Ogni anno, o quasi, torna in auge la discussione su come rendere più avvincenti i campionati nazionali di calcio. C’è chi pensa a norme nuove da inserire nel regolamento, chi invece a maggiori controlli attraverso la tecnologia. E c’è chi da anni caldeggia la possibilità di modificare il numero di squadre partecipanti ai maggiori campionati europei. È il caso della Germania e anche dell’Italia.
In questi due paesi è viva la discussione su incrementare o ridurre il numero di squadre che prendono parte alle categorie superiori.
In Germania, in particolare, sono 18 le squadre partecipanti e si vorrebbe portare questo numero a 20. Secondo alcuni, infatti, di fronte a un numero più esiguo di partecipanti le quote sulla vincente della Bundesliga finiscono puntualmente col sorridere alle solite big, tra le quali spicca l’immancabile Bayern Monaco o il Bayer Leverkusen. Altri dicono che aumentando il numero di squadre partecipanti calerebbe la qualità del campionato.

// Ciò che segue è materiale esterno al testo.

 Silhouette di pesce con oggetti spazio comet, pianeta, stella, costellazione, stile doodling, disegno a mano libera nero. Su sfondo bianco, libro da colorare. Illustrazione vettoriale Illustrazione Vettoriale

Per contro, in Italia, la discussione verte sul ridurre il numero di club in Serie A e portarle da 20, come è lo stato attuale, a 18.
La proposta in Germania
Da oltre cinquant’anni la Bundesliga si conferma con un format chiuso di 18 squadre, una dimensione stabile sin dalla stagione 1965‑66. Solo nella stagione 1991-92 la massima divisione tedesca ospitò eccezionalmente 20 club, in occasione della riunificazione tra Germania Est e Ovest, prima di tornare all’assetto a 18 dalla stagione successiva.

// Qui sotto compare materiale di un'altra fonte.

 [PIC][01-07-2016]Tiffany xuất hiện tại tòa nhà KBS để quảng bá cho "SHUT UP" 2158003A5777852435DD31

Negli ultimi anni è emerso un dibattito sulla possibilità di ampliare la rosa delle partecipanti: sostenitori e critici si confrontano su vantaggi economici e carichi organizzativi. Inoltre secondo il fronte dei “pro” più squadre eviterebbero la retrocessione diretta, si ridurrebbe la rotazione allenatori e si favorirebbe una maggiore continuità gestionale. Ad ogni modo non esiste una proposta vera e concreta, soprattutto perché l’attuale format è vincolato alla vendita dei diritti televisivi, almeno fino al 2029.
La situazione in Italia
Discorso opposto c’è in Italia. L’ultimo no della Serie A a 18 squadre è stato incassato nel febbraio 2025. In quell’occasione il presidente federale Gabriele Gravina ha sottolineato che questo cambio di format non è una priorità e non è un problema per la massima serie italiana. Eppure per il fronte dei fautori di questa eventuale riforma, ci sarebbero diversi pro.

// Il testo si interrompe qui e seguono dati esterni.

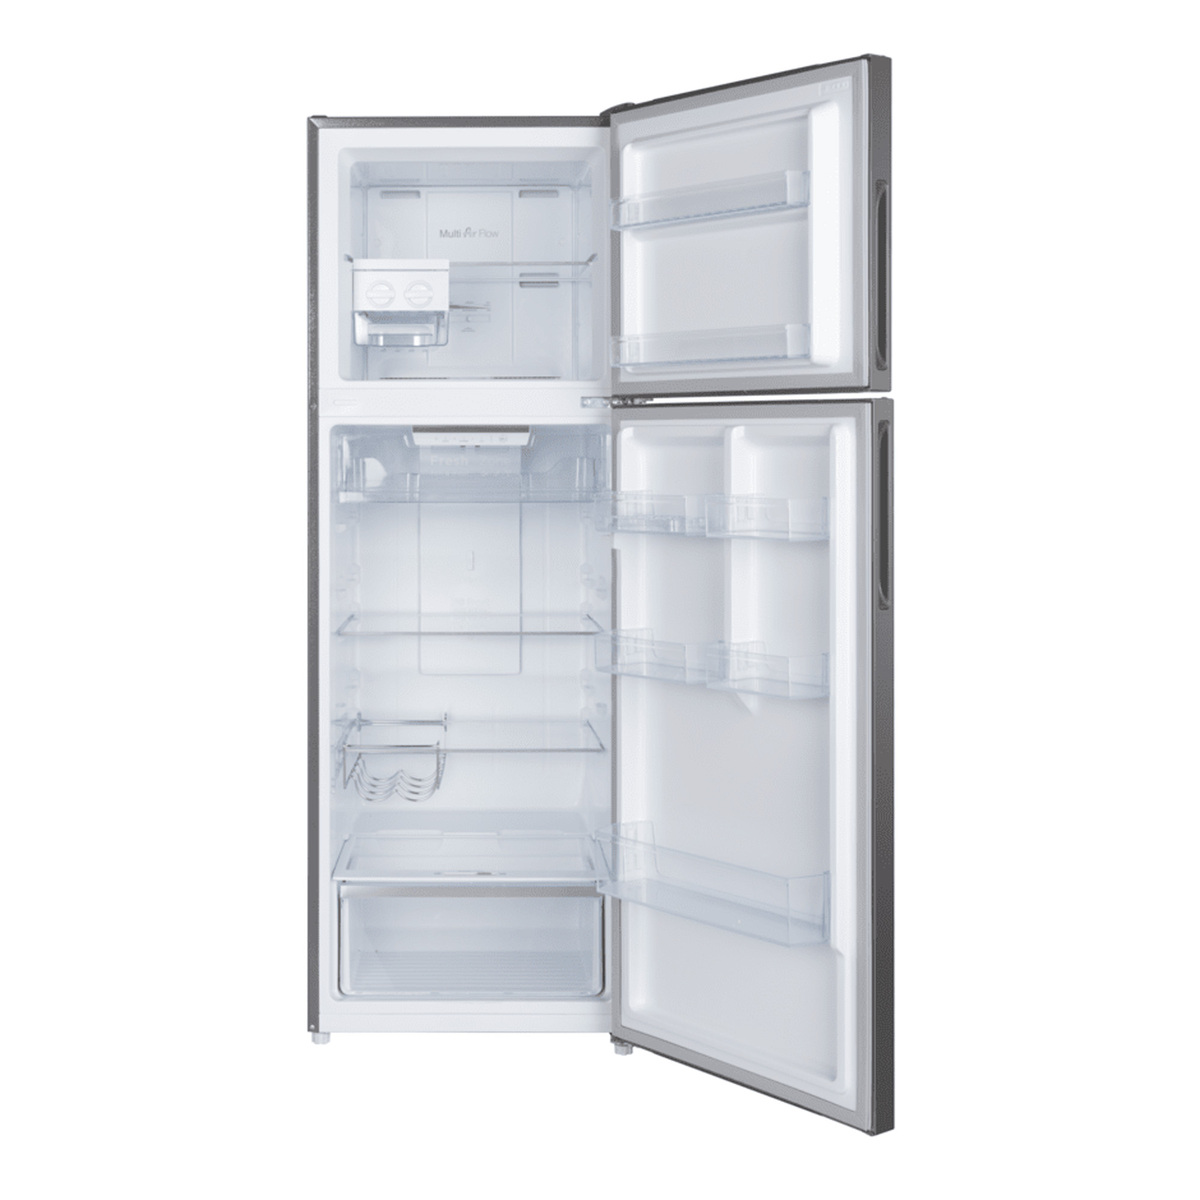 Hoover Double Door Refrigerator, 425 L, Inox, HTR-M425-S

Innanzitutto il livello qualitativo della Serie A si innalzerebbe. Meno squadre, più necessità di lottare, ovvero maggiore competizione e qualità. Ci sarebbero poi meno partite, dando ai giocatori più tempo per recuperare. Vantaggi che si rifletterebbero in Europa, ottenendo così maggiore freschezza fisica e mentale per le gare delle coppe internazionali. E poi un campionato più competitivo attirerebbe maggiori spettatori, aumentando l’appeal del calcio italiano.
Dalla parte del ‘no’ c’è chi invece dice che innanzitutto i proventi derivanti dai diritti tv e non solo calerebbero e ci sarebbe una minor visibilità per il campionato dovuta al fatto di avere meno partite in programma. Inoltre sarebbe un danno per tanti club minori che vedrebbero sfumare la possibilità di agganciare la massima Serie e quindi beneficiare delle entrate economiche che ne derivano. Dall’altra parte, aumenterebbe il rischio di retrocessione, anche in questo caso causando un danno economico ai club medio piccoli.